艦隊決戦ボードゲーマーズ / 実戦経験なきことが
私とフーカによるテストプレイは、すでに10戦を数えて。
さっきから『考えろ』『脳みそ入ってないんじゃないか』『無様ね』しか言われていない。
海防艦による3対3の遭遇戦。
その中の一戦は、たとえばこんな感じ。
両翼を広げた陣形のフーカに対して、私は左艦へ集中して数の優位を作ろうとしたものの。
フーカはこちらに舵を切らせて船足を鈍らせ、動きの自由がなくなったところへ魚雷を交差で投射。
さきに一隻を失って、あとは優位を保ったまま轢き潰されてしまった。
「弾切れになったからって敵艦に体当たりするのはやめなさい」
「はい」
体当たりの判定はルールにあって、ダイスロールによる増減値はあるが、当たりに行ったほうにも当然ダメージがある。

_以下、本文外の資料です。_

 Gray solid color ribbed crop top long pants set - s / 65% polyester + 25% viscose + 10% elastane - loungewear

「体当たりで足を止めて、もう一隻で仕留めるという作戦は悪くないけれど、失敗して味方に魚雷が命中したのは笑えないわね」
そのうえ、魚雷を撃ったもう一隻も、照準を定めるために無理な進路をとって、そこを敵艦に食われてしまった。
「というか、日頃あれだけ人命尊重を謳っておいて、戦い方といった捨て身もいいところじゃない」
「返す言葉もございません」
もっともな指摘に、こちらとしては『ううっ』と唸るしかない。
なにしろ私の頭が、フーカの戦場支配に追いつけない。
食い下がるには綺麗な戦い方をしていられない。
「まあ、古代戦艦イリスヨナの実戦記録からして、それほど良くはないのだろうなとは思っていたけれど、これほどとはね」
ヨナが目覚めてから、古代戦艦イリスヨナは運用と戦闘の記録を残すようになった。
それまで船の運用までいいかげんに行われていたということなのだけれど。
おおらかさというか、イリスヨナの妖精は時間軸に興味関心がなく、掌砲長や機関長は面倒くさがって指摘せずにいたという。
確かにあまり詳細なことを残しても誰も読みはしないので、運用記録は何もない日は1行程度の航海日誌だ。

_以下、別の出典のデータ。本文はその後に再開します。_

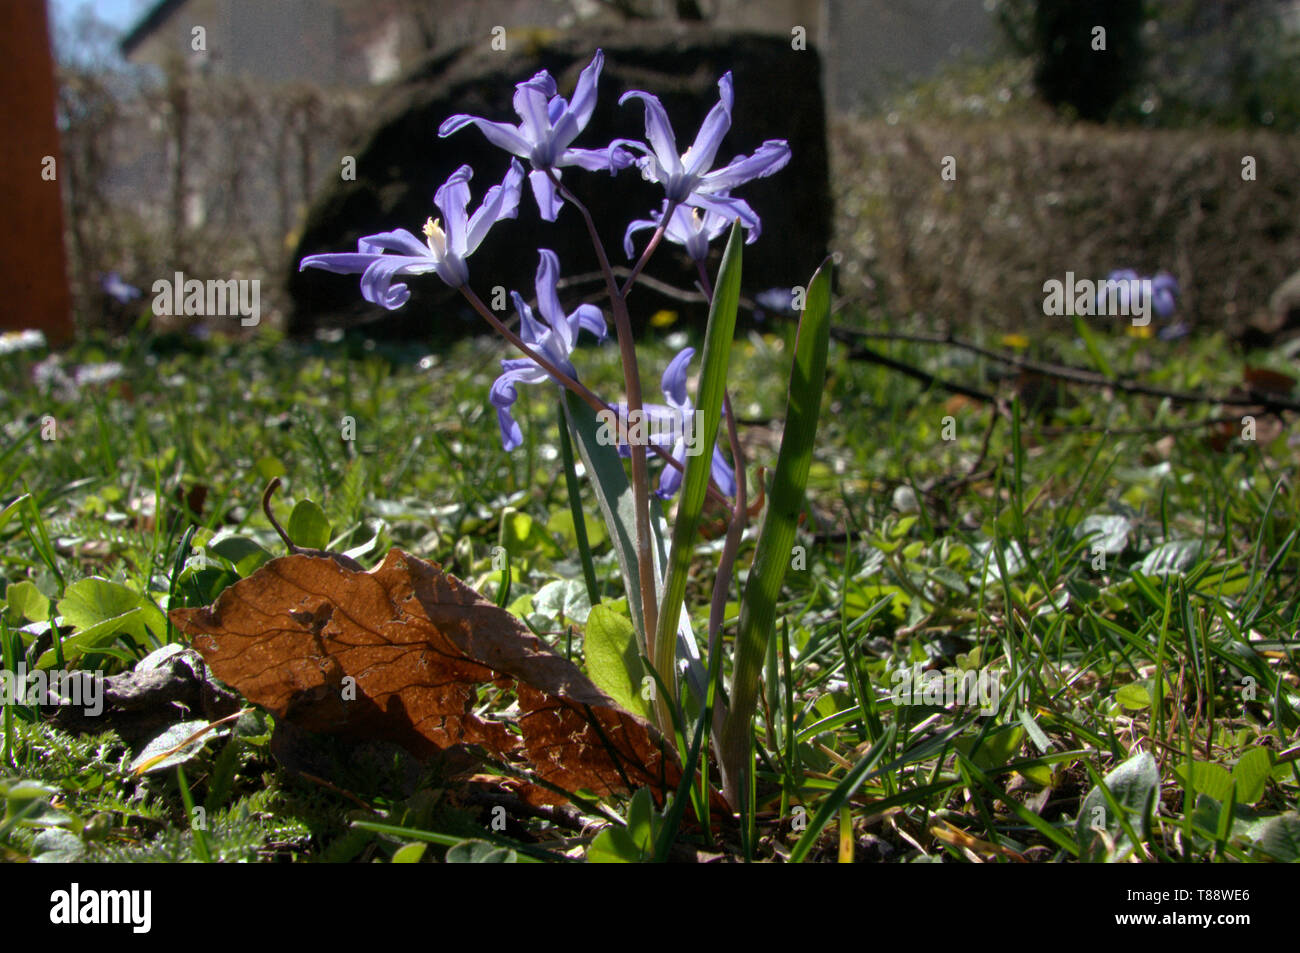 Chionodoxa sp.; glory-of-the-snow flowering on a Spring lawn in Munich Stock Photo

イリスヨナの戦闘状況については、そのまま残すと問題になりそうな戦いが多いため、ヨナが書いたメモを綴じまとめた手帳を艦長室に置いている。
こちらは備忘録と、艦長候補に読んでもらう目的で、スイはこれから読むことになる。
フーカはもう読んでおり、ついでに私と直接ヒアリングで、戦闘中の判断タイミングまで詳細を把握している。

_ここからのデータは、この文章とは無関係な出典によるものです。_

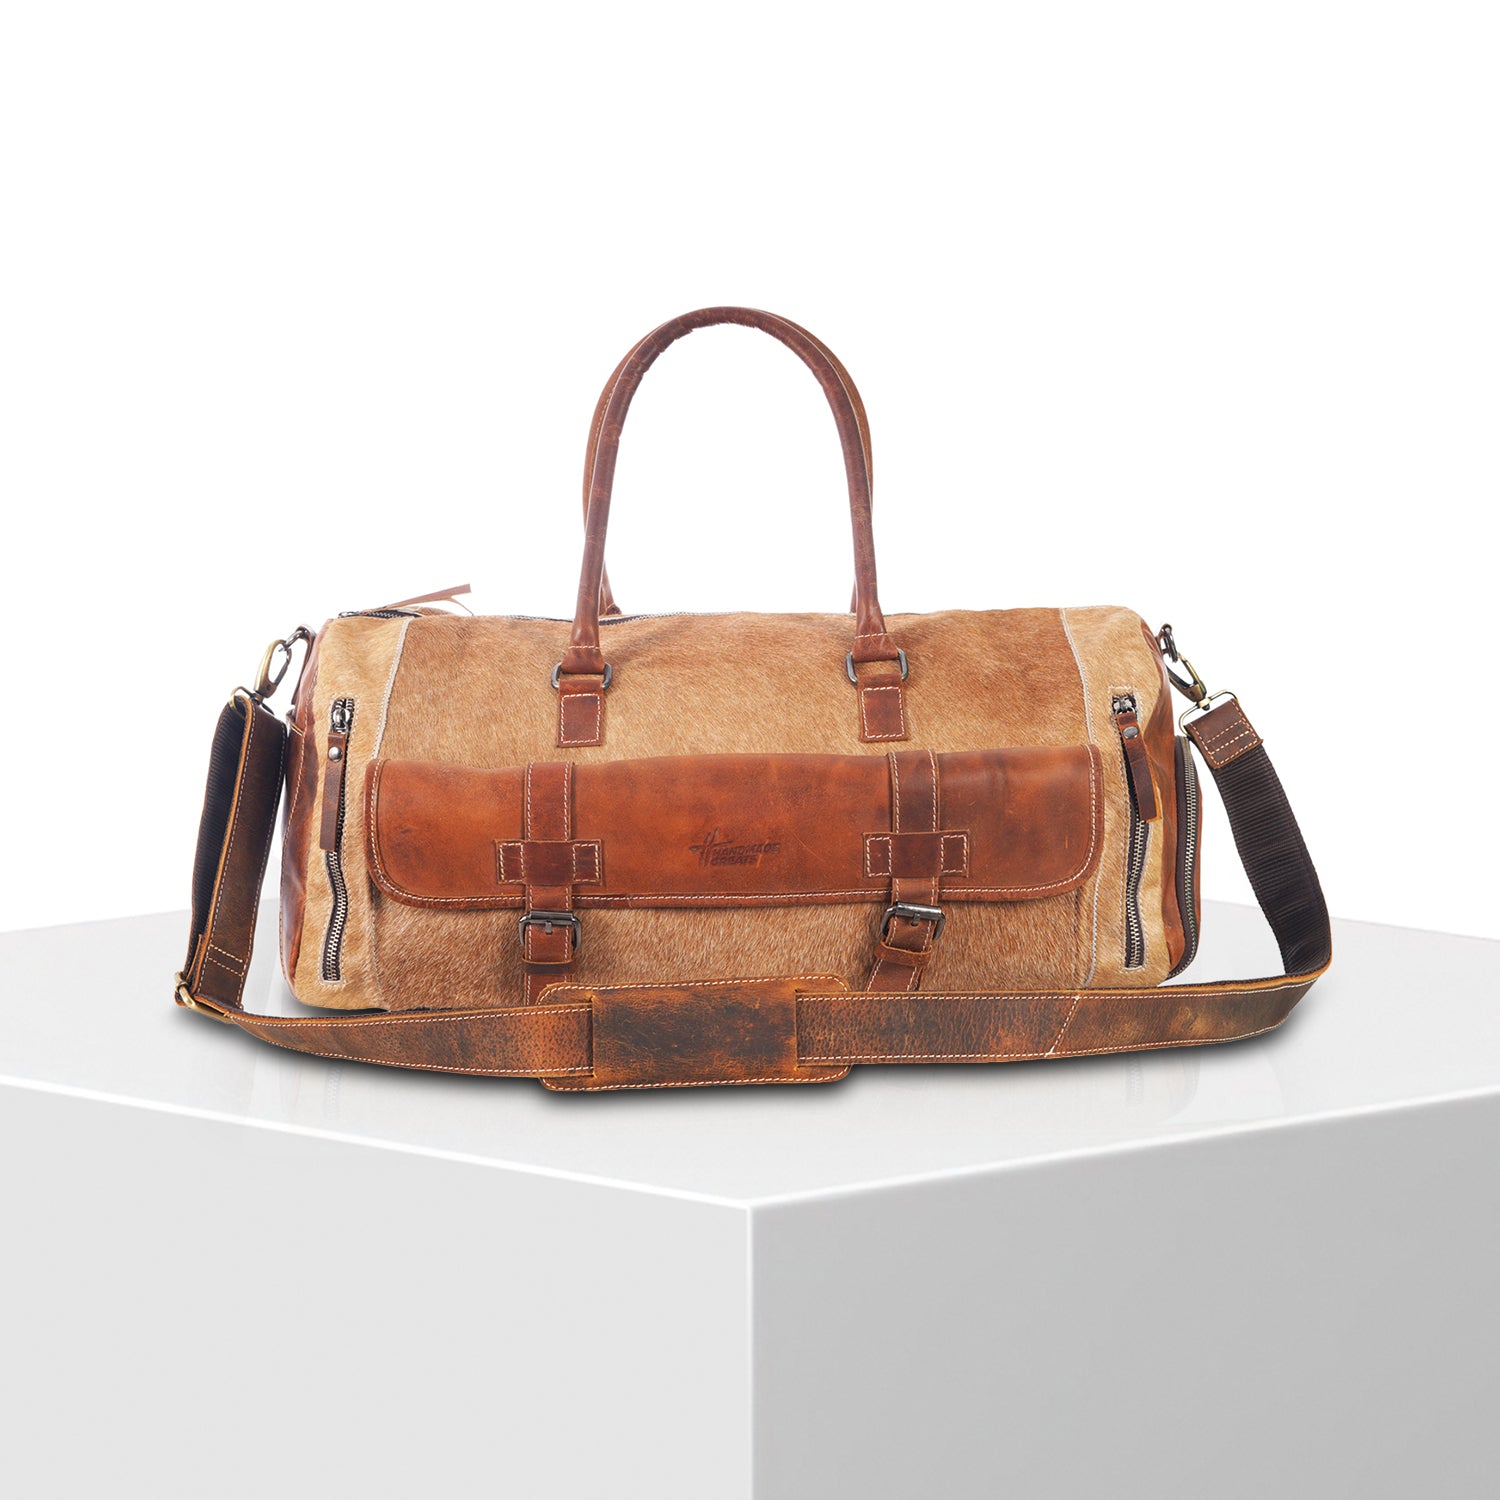 ForestBeast- Hairon Leather Duffle Bag

「実戦については勝てたからいいものの、教育課程であんな答案を出してきたらゼロ点をつけるわ」
けちょんけちょんだ。
実戦経験の優位を傘にきるとか、勝利の実績で反論するとか、そういう警戒はフーカにはないのだろうか。
「あんたはそんなことでいちいち下らない文句をつけてくるような奴じゃないわよ」
と、変な信頼みたいなものを断言した上で。
「そんなアホなことを言うやつ、説教するに決まってるじゃない。
確かに実戦をフィードバックすることは大事よ。
でも、訓練は次の実戦で勝つためにやるの。